The Union, which represents 8,000 workers in the field, also welcomed the report's call to eliminate wait lists for services in the province, where some 23,000 individuals remain without the residential care, respite care and day programs they need. This includes 12,000 families waiting for residential support.

Ontario is taking steps toward that goal in this summer's budget with $810 million in new funding. However, front-line workers are concerned most of that money will go into individualized or "passport" funding rather than to agencies that run community and group home services. As a result, it will do little to reduce the massive wait list for residential support. Instead these funds will continue to place the burden for arranging and managing care on families who are already stretched.

"Passport funding won't provide long-term security and doesn't provide the services needed by more and more families. We're talking about thousands of parents becoming senior citizens and not being able to find the supports their adult children need," said Hahn.

Successive budget cuts have created a crisis in developmental services, with agencies cutting staff and reducing supports for people in care.

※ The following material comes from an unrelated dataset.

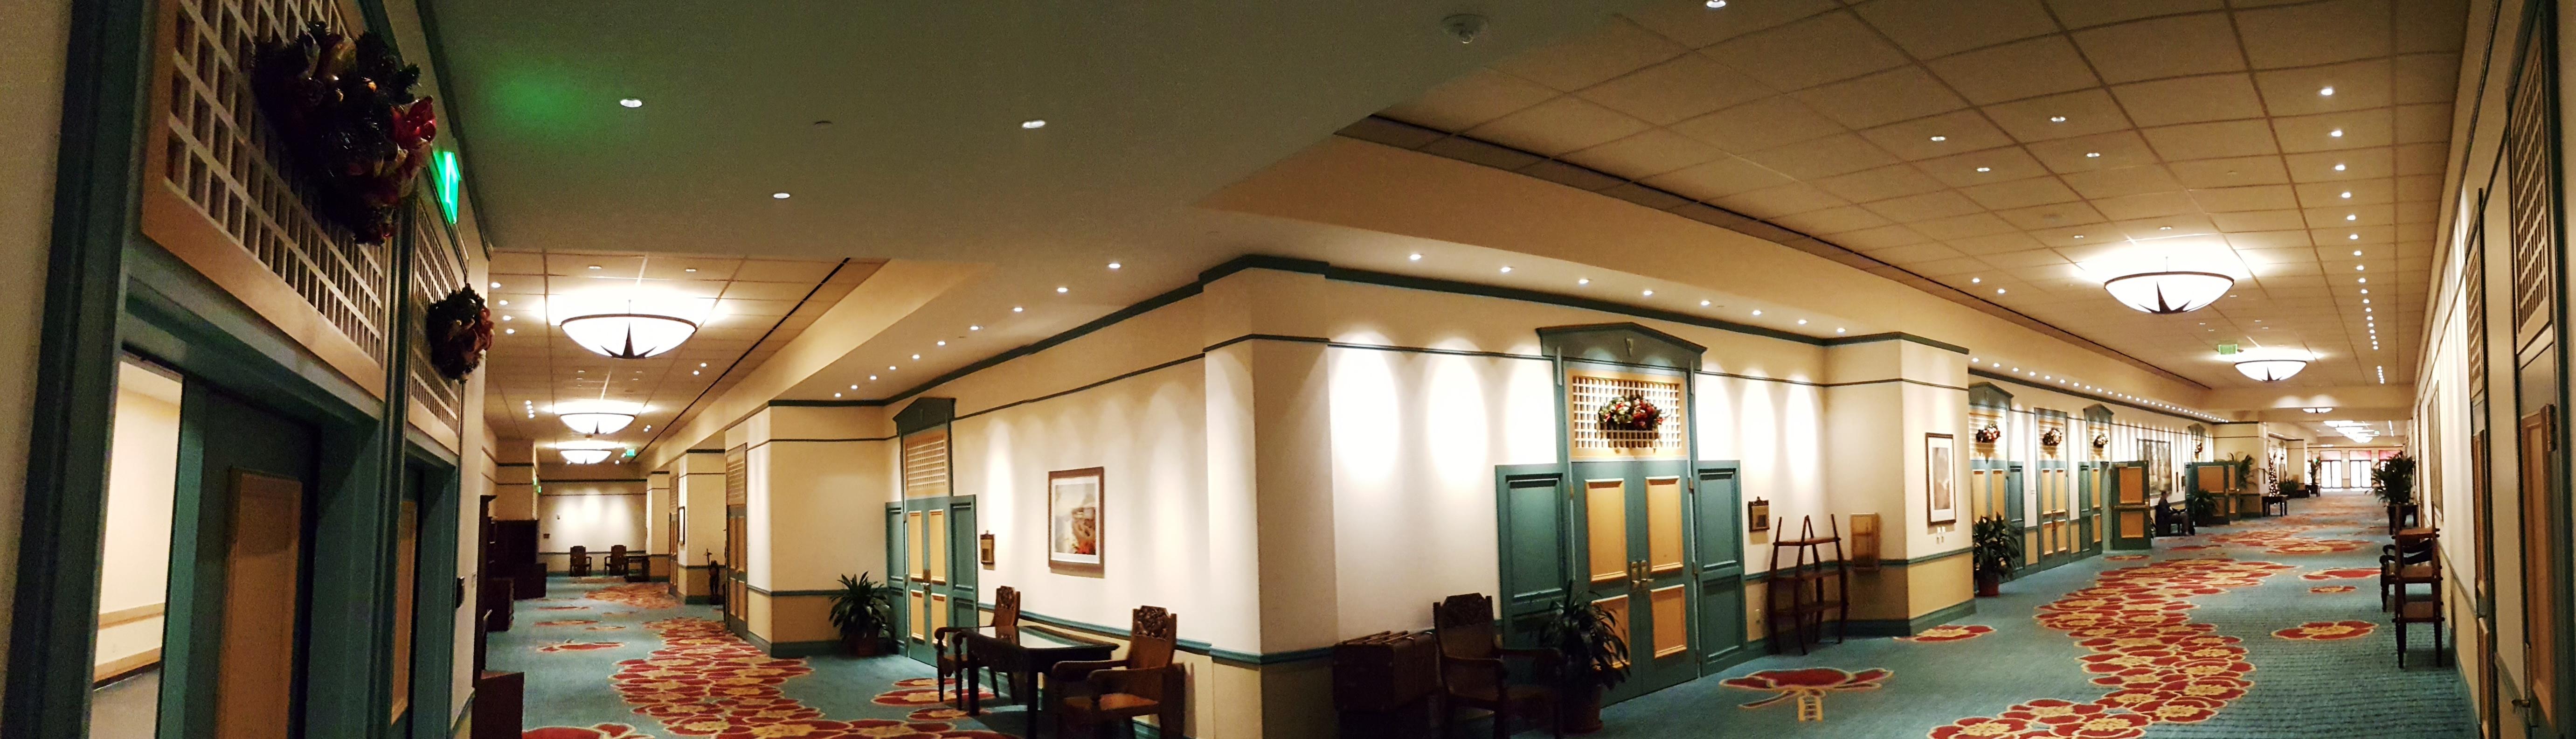 Loews Royal Pacific Ballroom Expansion - Narrative photo - common areas panoramic

"The situation is steadily getting worse," said Veriline Howe, who has been a developmental services worker in Toronto for 20 years. "Because of staffing cuts, we can't provide the tailored support that's needed for each person. Instead of being out in the community, people are coming home from day programs and sitting in front of the TV. Cuts are moving us back toward the institutionalized care that community living agencies were set up to avoid."

CUPE is proud to represent front-line workers in 55 community based developmental service agencies across the province.